Download Theory of Evolutionary Computation Book in PDF, Epub and Kindle

This edited book reports on recent developments in the theory of evolutionary computation, or more generally the domain of randomized search heuristics. It starts with two chapters on mathematical methods that are often used in the analysis of randomized search heuristics, followed by three chapters on how to measure the complexity of a search heuristic: black-box complexity, a counterpart of classical complexity theory in black-box optimization; parameterized complexity, aimed at a more fine-grained view of the difficulty of problems; and the fixed-budget perspective, which answers the question of how good a solution will be after investing a certain computational budget. The book then describes theoretical results on three important questions in evolutionary computation: how to profit from changing the parameters during the run of an algorithm; how evolutionary algorithms cope with dynamically changing or stochastic environments; and how population diversity influences performance. Finally, the book looks at three algorithm classes that have only recently become the focus of theoretical work: estimation-of-distribution algorithms; artificial immune systems; and genetic programming. Throughout the book the contributing authors try to develop an understanding for how these methods work, and why they are so successful in many applications. The book will be useful for students and researchers in theoretical computer science and evolutionary computing.
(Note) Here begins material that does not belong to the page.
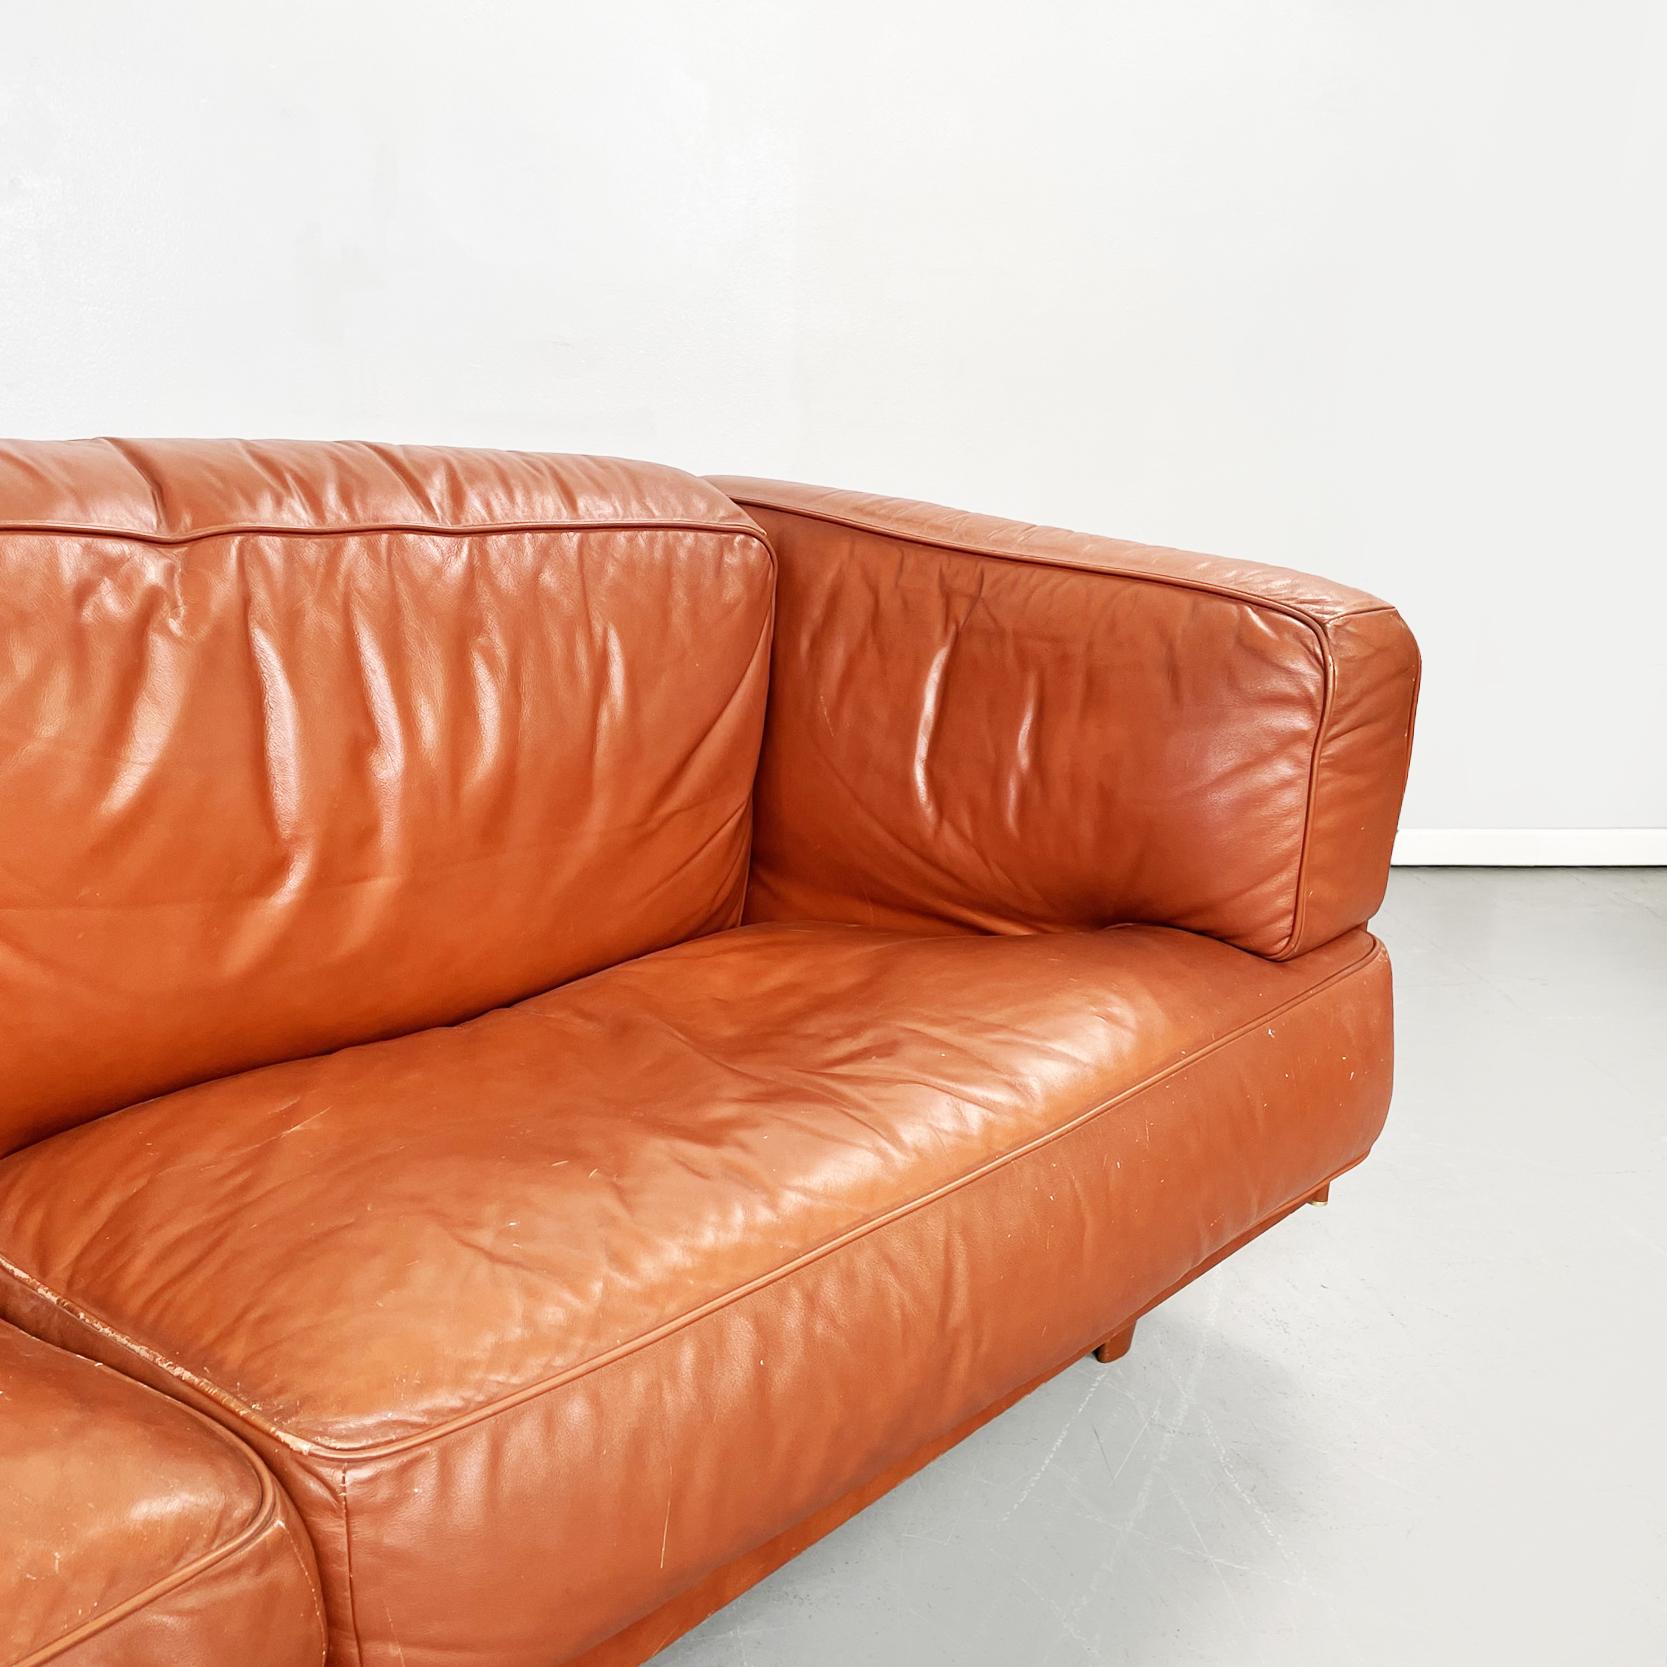 Italian Modern Brown Leather Sofa Twice by Cerri for Poltrona Frau, 1980s In Good Condition For Sale In MIlano, IT

New Achievements in Evolutionary Computation

New Achievements in Evolutionary Computation
Author: Peter Korosec
Publsiher: BoD – Books on Demand
Total Pages: 330
Release: 2010-02-01
Genre: Computers
ISBN: 9789533070537

Download New Achievements in Evolutionary Computation Book in PDF, Epub and Kindle

Evolutionary computation has been widely used in computer science for decades. Even though it started as far back as the 1960s with simulated evolution, the subject is still evolving. During this time, new metaheuristic optimization approaches, like evolutionary algorithms, genetic algorithms, swarm intelligence, etc., were being developed and new fields of usage in artificial intelligence, machine learning, combinatorial and numerical optimization, etc., were being explored. However, even with so much work done, novel research into new techniques and new areas of usage is far from over. This book presents some new theoretical as well as practical aspects of evolutionary computation. This book will be of great value to undergraduates, graduate students, researchers in computer science, and anyone else with an interest in learning about the latest developments in evolutionary computation.

Evolutionary Computation

Evolutionary Computation
Author: D. Dumitrescu,Beatrice Lazzerini,Lakhmi C. Jain,A. Dumitrescu
Publsiher: CRC Press
Total Pages: 424
Release: 2000-06-22
Genre: Computers
ISBN: 0849305888

Download Evolutionary Computation Book in PDF, Epub and Kindle

Rapid advances in evolutionary computation have opened up a world of applications-a world rapidly growing and evolving. Decision making, neural networks, pattern recognition, complex optimization/search tasks, scheduling, control, automated programming, and cellular automata applications all rely on evolutionary computation. Evolutionary Computation presents the basic principles of evolutionary computing: genetic algorithms, evolution strategies, evolutionary programming, genetic programming, learning classifier systems, population models, and applications. It includes detailed coverage of binary and real encoding, including selection, crossover, and mutation, and discusses the (m+l) and (m,l) evolution strategy principles. The focus then shifts to applications: decision strategy selection, training and design of neural networks, several approaches to pattern recognition, cellular automata, applications of genetic programming, and more.